"""

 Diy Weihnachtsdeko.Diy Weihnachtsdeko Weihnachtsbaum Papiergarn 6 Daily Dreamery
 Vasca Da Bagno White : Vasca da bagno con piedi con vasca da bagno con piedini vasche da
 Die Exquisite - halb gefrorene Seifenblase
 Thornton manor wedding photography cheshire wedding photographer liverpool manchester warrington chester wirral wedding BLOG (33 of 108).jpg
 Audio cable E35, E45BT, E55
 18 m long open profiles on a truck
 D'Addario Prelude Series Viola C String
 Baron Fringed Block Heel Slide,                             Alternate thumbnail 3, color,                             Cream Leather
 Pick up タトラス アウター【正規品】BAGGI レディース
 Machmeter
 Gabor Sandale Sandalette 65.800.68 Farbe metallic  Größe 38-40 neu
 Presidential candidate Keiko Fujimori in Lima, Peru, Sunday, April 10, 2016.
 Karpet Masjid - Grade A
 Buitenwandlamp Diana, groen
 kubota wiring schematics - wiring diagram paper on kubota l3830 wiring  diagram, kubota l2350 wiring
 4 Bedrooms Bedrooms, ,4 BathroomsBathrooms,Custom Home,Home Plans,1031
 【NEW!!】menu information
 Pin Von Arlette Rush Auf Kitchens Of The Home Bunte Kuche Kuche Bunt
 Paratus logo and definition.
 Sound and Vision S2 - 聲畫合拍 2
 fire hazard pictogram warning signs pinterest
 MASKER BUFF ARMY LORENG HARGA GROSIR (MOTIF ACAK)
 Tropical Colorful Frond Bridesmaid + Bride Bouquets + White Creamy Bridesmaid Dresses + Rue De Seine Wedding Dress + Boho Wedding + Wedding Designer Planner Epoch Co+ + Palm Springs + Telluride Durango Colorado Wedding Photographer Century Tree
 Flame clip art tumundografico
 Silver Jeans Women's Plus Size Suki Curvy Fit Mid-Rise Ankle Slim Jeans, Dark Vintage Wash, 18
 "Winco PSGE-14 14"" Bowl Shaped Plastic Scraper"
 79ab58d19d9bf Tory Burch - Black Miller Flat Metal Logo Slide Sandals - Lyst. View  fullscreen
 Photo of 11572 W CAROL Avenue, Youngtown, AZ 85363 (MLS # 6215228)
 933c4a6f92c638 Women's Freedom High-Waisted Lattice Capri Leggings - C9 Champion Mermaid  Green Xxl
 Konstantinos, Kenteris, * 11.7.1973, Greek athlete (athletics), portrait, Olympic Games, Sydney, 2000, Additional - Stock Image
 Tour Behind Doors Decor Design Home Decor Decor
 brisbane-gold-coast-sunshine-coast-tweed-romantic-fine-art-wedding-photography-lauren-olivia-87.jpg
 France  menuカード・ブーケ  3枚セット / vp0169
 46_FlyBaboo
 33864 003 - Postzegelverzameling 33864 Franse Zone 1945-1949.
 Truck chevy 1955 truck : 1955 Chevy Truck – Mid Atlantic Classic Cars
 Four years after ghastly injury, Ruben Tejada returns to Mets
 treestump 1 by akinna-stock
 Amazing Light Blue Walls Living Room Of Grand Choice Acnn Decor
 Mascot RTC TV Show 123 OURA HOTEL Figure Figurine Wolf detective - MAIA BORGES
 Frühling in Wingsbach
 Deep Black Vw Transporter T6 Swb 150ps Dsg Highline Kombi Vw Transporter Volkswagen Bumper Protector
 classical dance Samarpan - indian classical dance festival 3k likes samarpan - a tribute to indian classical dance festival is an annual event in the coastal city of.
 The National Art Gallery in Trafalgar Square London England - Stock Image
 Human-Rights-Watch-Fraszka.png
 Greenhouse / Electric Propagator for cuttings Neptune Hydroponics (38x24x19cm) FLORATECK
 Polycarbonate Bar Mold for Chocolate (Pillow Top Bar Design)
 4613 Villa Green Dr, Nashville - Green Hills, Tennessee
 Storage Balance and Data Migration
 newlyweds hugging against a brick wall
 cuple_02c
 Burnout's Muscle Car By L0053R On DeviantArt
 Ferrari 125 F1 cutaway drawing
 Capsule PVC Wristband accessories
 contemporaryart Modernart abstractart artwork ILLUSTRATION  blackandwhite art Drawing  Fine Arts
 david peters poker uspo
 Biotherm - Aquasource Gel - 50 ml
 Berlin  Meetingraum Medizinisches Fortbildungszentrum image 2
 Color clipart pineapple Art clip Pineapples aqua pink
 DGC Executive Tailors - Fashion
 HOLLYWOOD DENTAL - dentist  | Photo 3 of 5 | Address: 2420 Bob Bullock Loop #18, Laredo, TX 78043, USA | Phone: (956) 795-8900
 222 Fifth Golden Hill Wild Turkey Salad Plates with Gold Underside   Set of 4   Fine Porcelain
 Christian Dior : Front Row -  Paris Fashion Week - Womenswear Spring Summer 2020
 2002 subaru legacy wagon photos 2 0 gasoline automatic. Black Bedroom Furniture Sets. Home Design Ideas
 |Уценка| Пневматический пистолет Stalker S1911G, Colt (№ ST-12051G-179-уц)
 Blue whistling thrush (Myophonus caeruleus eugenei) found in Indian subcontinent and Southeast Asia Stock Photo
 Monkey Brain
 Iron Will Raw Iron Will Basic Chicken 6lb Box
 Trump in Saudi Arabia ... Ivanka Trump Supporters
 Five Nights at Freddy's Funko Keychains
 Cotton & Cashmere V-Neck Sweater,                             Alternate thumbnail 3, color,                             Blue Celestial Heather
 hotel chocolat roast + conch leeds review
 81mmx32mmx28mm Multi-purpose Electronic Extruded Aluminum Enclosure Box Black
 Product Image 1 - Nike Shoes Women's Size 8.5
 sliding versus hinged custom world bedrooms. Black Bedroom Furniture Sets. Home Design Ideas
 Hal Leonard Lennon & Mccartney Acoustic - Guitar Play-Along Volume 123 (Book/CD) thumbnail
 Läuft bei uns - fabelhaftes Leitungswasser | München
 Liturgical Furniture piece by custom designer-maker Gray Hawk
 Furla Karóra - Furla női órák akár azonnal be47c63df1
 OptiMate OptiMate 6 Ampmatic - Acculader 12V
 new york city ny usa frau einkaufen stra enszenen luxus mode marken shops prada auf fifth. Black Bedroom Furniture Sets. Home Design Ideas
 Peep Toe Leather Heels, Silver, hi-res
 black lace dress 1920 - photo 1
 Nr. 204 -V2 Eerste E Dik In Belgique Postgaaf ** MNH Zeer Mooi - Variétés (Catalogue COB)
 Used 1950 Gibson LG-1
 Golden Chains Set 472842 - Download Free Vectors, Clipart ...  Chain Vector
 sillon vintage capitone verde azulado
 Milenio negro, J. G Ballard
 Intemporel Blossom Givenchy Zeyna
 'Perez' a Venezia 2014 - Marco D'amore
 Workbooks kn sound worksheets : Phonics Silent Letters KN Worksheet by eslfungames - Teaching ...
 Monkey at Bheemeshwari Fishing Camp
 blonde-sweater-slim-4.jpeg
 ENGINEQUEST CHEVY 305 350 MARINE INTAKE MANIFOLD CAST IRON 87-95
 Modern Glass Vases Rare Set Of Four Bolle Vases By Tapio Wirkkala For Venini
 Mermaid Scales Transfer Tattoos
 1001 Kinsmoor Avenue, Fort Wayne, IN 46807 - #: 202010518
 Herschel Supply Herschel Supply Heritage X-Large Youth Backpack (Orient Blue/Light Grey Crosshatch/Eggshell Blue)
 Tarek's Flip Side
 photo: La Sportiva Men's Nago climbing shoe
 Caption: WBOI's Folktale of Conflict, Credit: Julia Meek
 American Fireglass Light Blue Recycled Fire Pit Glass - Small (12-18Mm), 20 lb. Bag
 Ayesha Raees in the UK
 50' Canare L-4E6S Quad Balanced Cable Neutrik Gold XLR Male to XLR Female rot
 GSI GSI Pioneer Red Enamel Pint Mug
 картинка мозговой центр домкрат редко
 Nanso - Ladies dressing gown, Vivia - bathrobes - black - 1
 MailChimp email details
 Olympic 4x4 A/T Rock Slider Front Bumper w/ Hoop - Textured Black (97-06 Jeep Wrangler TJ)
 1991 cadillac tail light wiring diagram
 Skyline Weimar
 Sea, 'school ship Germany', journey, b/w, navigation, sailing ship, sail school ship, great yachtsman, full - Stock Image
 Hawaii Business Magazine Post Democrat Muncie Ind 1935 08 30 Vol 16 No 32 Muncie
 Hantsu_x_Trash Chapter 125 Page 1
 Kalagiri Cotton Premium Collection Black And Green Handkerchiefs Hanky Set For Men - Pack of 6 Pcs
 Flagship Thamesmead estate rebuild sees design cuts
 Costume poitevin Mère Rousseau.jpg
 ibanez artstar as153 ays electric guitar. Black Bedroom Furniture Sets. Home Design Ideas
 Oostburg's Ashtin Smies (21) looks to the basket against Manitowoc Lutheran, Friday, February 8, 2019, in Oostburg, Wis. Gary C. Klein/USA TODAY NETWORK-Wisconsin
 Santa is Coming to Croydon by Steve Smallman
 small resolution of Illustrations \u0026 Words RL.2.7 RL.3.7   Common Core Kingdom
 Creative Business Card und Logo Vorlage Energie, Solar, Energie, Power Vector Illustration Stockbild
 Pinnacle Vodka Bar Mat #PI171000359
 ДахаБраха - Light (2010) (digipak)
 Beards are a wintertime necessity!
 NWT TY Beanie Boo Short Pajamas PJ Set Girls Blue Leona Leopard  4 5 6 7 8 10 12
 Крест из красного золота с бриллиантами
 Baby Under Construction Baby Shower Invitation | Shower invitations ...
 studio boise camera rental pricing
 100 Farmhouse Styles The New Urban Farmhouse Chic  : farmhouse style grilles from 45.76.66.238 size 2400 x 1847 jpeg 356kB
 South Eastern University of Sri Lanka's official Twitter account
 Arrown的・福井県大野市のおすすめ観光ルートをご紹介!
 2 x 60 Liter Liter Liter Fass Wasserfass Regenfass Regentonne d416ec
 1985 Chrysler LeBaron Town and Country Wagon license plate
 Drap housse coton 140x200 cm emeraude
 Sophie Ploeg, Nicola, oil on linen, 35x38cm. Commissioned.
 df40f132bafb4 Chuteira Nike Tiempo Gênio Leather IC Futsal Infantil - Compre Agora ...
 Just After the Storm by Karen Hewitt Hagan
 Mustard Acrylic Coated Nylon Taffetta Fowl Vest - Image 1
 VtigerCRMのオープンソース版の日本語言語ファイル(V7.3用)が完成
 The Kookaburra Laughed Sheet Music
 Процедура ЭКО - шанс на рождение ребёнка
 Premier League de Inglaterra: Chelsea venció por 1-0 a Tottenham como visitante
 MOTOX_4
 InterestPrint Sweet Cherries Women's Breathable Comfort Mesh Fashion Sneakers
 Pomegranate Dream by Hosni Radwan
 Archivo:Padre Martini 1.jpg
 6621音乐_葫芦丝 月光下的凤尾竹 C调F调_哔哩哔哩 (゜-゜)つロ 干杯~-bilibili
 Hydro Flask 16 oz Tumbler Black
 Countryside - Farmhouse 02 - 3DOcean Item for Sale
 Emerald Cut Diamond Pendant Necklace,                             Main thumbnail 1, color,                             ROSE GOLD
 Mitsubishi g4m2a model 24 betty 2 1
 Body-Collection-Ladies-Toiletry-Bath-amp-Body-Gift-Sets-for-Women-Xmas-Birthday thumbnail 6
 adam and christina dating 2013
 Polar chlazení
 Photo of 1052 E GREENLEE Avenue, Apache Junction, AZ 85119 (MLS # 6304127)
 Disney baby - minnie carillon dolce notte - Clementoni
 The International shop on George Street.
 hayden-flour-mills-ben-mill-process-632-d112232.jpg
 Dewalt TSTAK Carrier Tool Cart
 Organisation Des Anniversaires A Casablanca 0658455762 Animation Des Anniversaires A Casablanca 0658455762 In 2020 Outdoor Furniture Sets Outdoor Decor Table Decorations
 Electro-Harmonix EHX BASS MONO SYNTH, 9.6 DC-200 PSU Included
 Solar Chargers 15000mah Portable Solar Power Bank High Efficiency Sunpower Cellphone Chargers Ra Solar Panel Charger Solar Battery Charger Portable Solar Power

"""

- TASK DIRECTIONS
Please copy the lines above from the line with "Greenhouse / Electric" up to and including the line with "hotel chocolat roast + conch leeds review", exactly as written and with nothing else.

- TASK OUTPUT
 Greenhouse / Electric Propagator for cuttings Neptune Hydroponics (38x24x19cm) FLORATECK
 Polycarbonate Bar Mold for Chocolate (Pillow Top Bar Design)
 4613 Villa Green Dr, Nashville - Green Hills, Tennessee
 Storage Balance and Data Migration
 newlyweds hugging against a brick wall
 cuple_02c
 Burnout's Muscle Car By L0053R On DeviantArt
 Ferrari 125 F1 cutaway drawing
 Capsule PVC Wristband accessories
 contemporaryart Modernart abstractart artwork ILLUSTRATION  blackandwhite art Drawing  Fine Arts
 david peters poker uspo
 Biotherm - Aquasource Gel - 50 ml
 Berlin  Meetingraum Medizinisches Fortbildungszentrum image 2
 Color clipart pineapple Art clip Pineapples aqua pink
 DGC Executive Tailors - Fashion
 HOLLYWOOD DENTAL - dentist  | Photo 3 of 5 | Address: 2420 Bob Bullock Loop #18, Laredo, TX 78043, USA | Phone: (956) 795-8900
 222 Fifth Golden Hill Wild Turkey Salad Plates with Gold Underside   Set of 4   Fine Porcelain
 Christian Dior : Front Row -  Paris Fashion Week - Womenswear Spring Summer 2020
 2002 subaru legacy wagon photos 2 0 gasoline automatic. Black Bedroom Furniture Sets. Home Design Ideas
 |Уценка| Пневматический пистолет Stalker S1911G, Colt (№ ST-12051G-179-уц)
 Blue whistling thrush (Myophonus caeruleus eugenei) found in Indian subcontinent and Southeast Asia Stock Photo
 Monkey Brain
 Iron Will Raw Iron Will Basic Chicken 6lb Box
 Trump in Saudi Arabia ... Ivanka Trump Supporters
 Five Nights at Freddy's Funko Keychains
 Cotton & Cashmere V-Neck Sweater,                             Alternate thumbnail 3, color,                             Blue Celestial Heather
 hotel chocolat roast + conch leeds review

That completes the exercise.